[TASK GOAL]
Please output exactly the lines that run from the line with "Giovanni Gariboldi rare" through the final line of the data, inclusive, and nothing more.

:: THE DATA ::

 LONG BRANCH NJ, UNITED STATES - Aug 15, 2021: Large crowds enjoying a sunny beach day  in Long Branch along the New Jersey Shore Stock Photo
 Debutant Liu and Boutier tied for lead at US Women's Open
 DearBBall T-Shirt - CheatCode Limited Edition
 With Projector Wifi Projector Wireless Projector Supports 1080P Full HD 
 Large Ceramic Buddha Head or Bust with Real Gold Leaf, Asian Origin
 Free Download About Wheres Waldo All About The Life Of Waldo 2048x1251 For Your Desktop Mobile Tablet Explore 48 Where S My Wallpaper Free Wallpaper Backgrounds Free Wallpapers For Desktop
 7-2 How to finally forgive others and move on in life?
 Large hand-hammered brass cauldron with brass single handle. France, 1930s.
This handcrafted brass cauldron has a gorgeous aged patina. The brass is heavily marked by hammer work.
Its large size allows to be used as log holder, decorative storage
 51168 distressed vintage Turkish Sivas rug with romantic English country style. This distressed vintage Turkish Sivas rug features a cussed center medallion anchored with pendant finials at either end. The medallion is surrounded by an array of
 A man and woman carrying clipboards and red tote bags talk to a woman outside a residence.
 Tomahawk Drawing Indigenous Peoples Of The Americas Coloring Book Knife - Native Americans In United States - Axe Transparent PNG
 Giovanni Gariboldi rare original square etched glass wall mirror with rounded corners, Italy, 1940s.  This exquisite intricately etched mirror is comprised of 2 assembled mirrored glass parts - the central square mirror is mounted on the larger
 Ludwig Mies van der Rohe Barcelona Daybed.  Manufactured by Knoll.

:::

[WRITTEN RESPONSE]
 Giovanni Gariboldi rare original square etched glass wall mirror with rounded corners, Italy, 1940s.  This exquisite intricately etched mirror is comprised of 2 assembled mirrored glass parts - the central square mirror is mounted on the larger
 Ludwig Mies van der Rohe Barcelona Daybed.  Manufactured by Knoll.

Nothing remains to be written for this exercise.